- _YOUR GOAL_
Given the entries below, would you transcribe exactly the lines starting at the one with "SUNLU 3D Printer Power Supply" and ending at the one with "Les Elgart SOPHISTICATED SWING CD", both kept, pictures omitted, nothing extra?

- _LISTED ENTRIES_
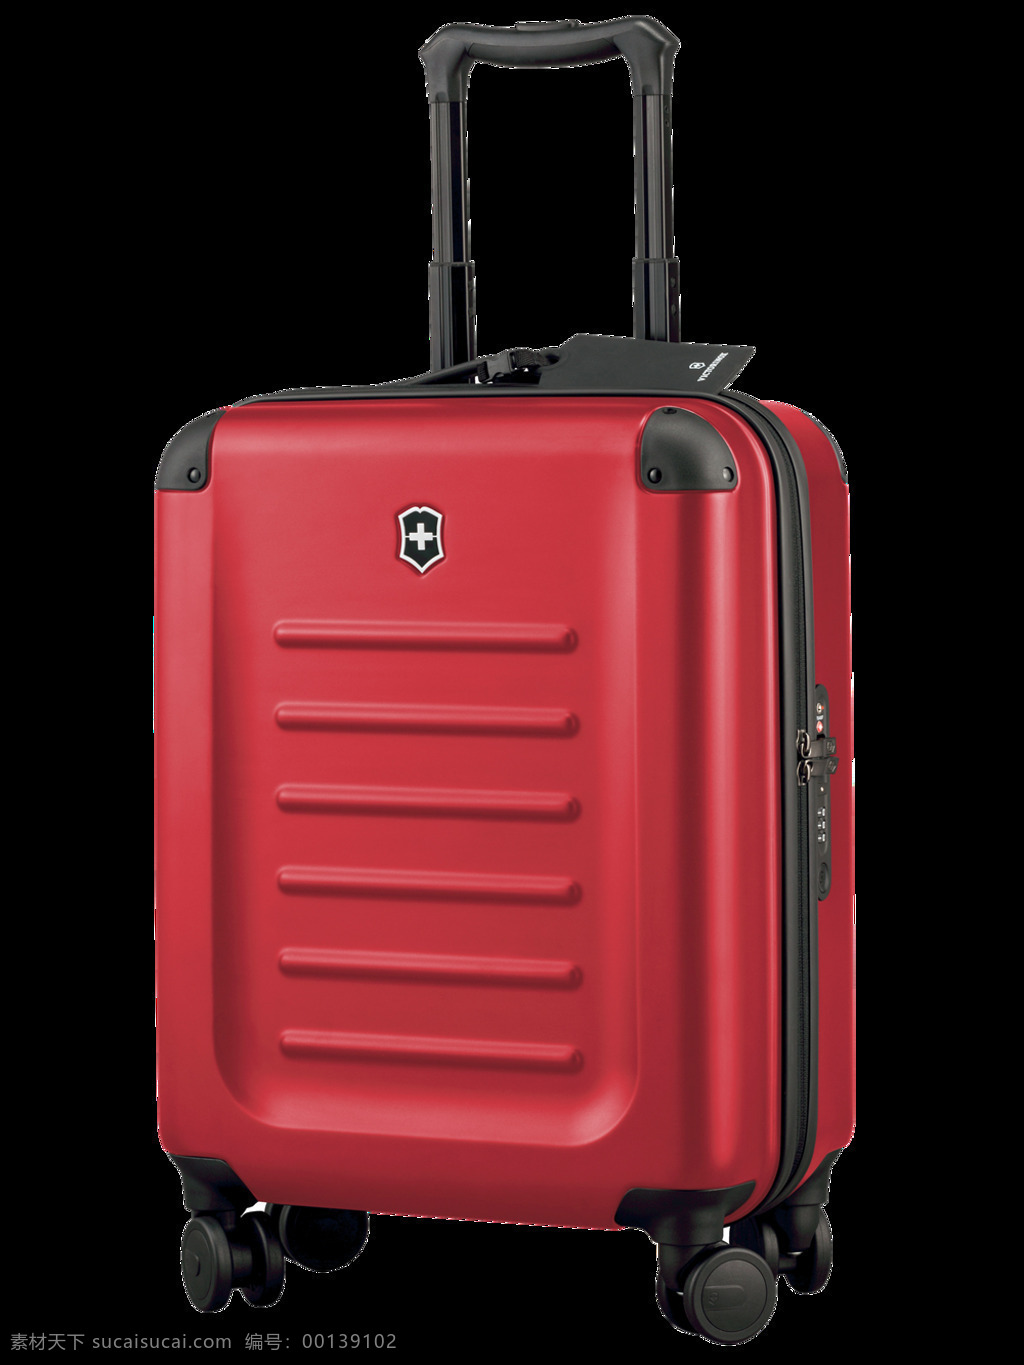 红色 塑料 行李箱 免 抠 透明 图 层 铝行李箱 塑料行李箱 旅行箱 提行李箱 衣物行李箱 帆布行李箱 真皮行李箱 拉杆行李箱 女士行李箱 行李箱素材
* * *
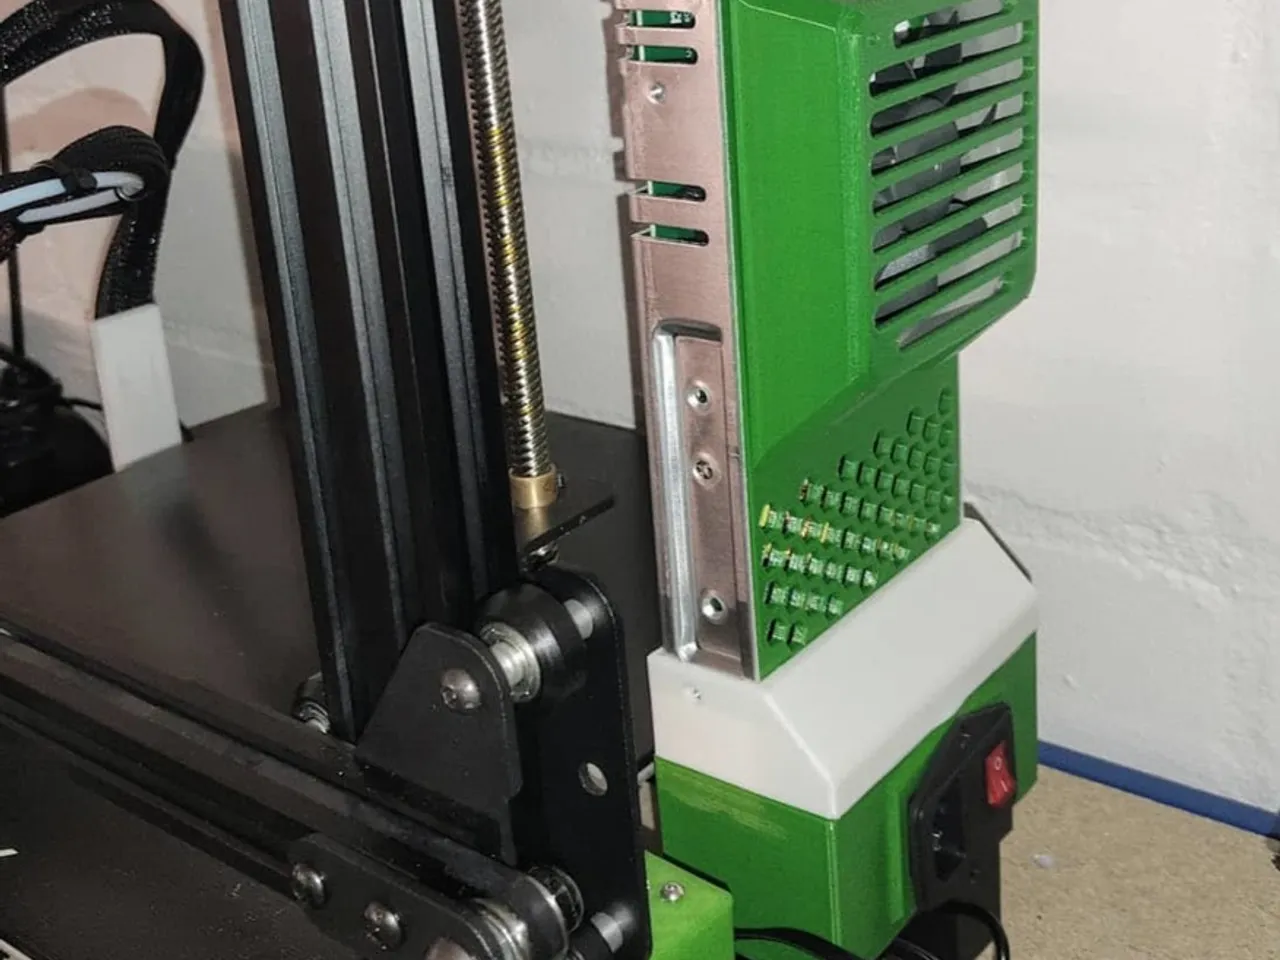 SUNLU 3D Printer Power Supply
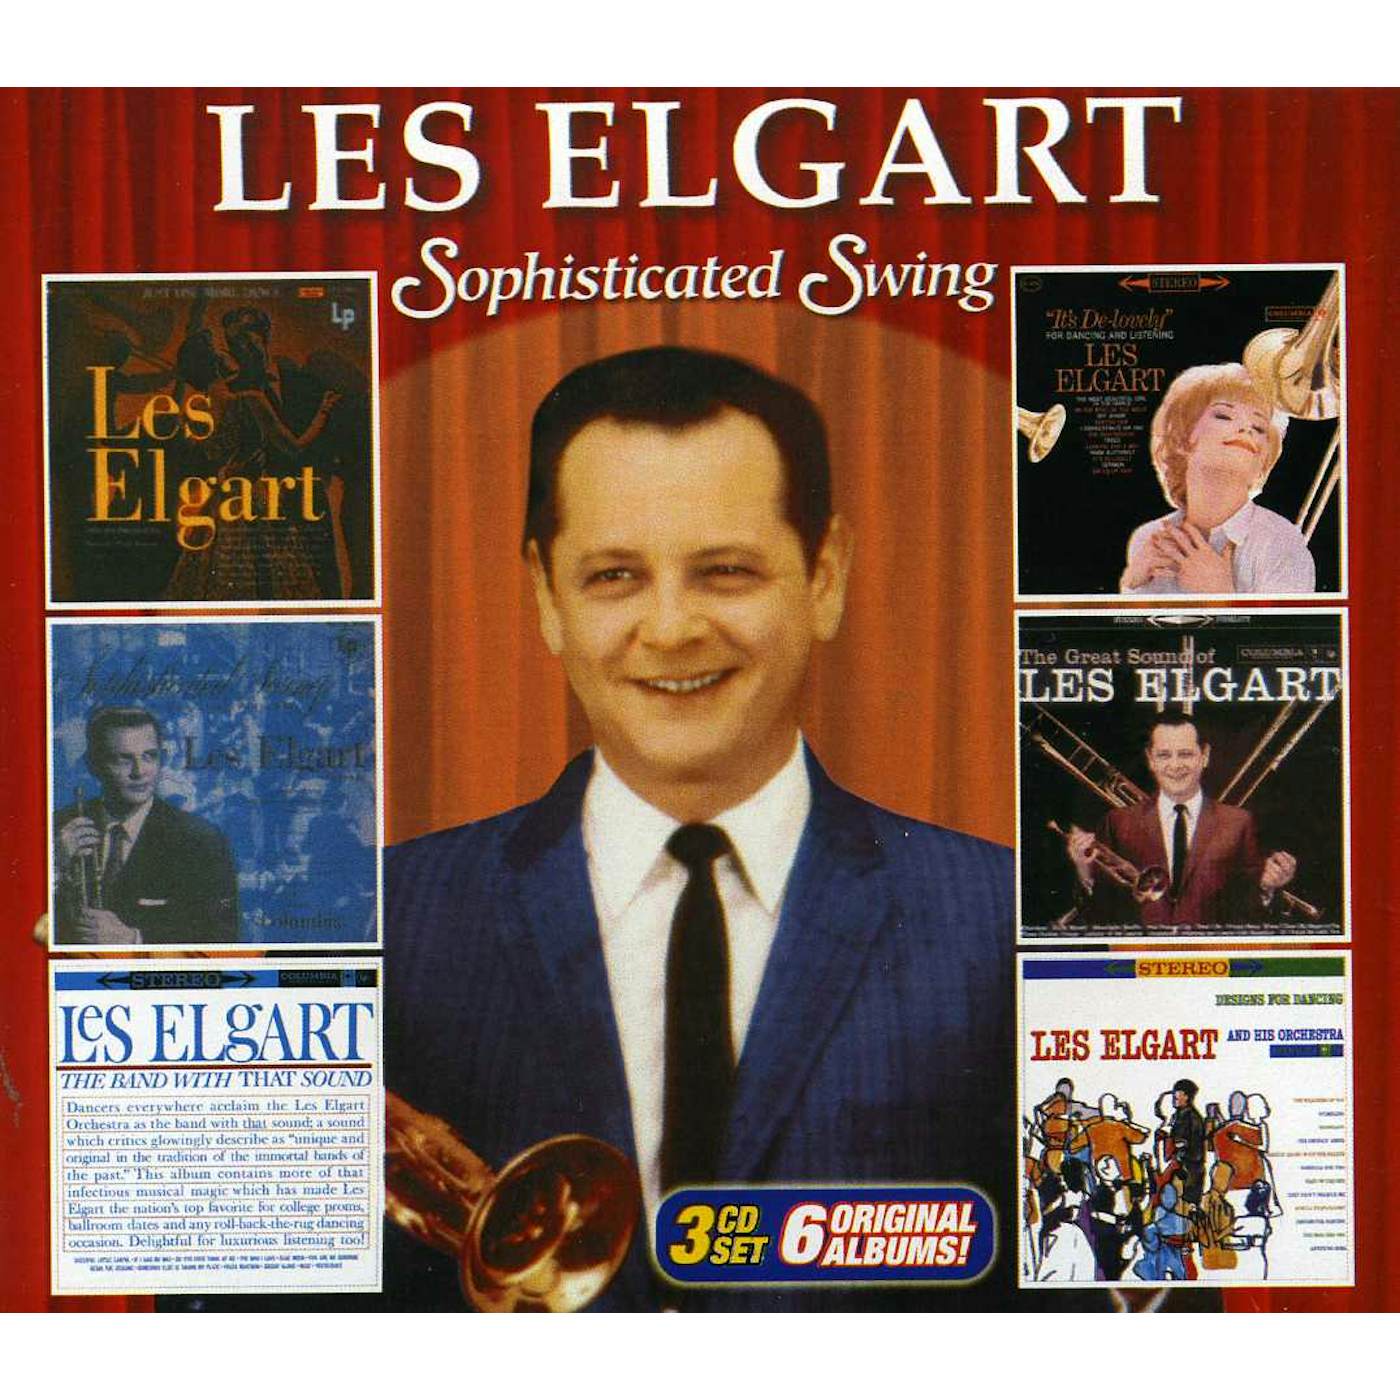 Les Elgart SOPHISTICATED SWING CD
--
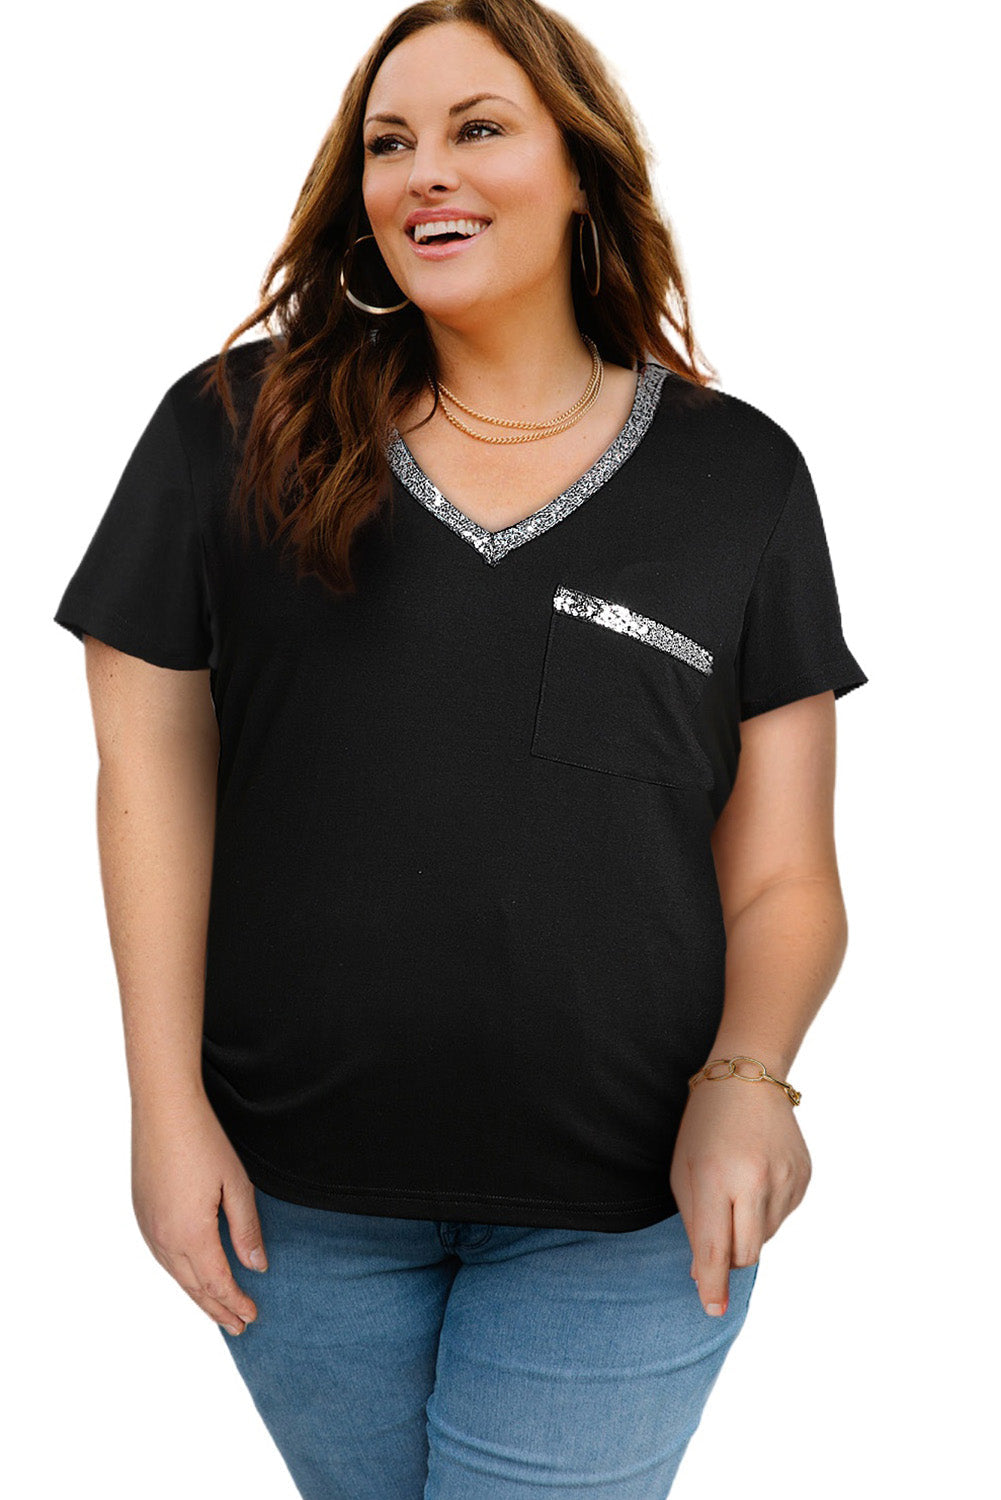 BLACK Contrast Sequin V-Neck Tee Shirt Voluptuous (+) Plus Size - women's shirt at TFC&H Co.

- _TASK SOLUTION_
 SUNLU 3D Printer Power Supply
 Les Elgart SOPHISTICATED SWING CD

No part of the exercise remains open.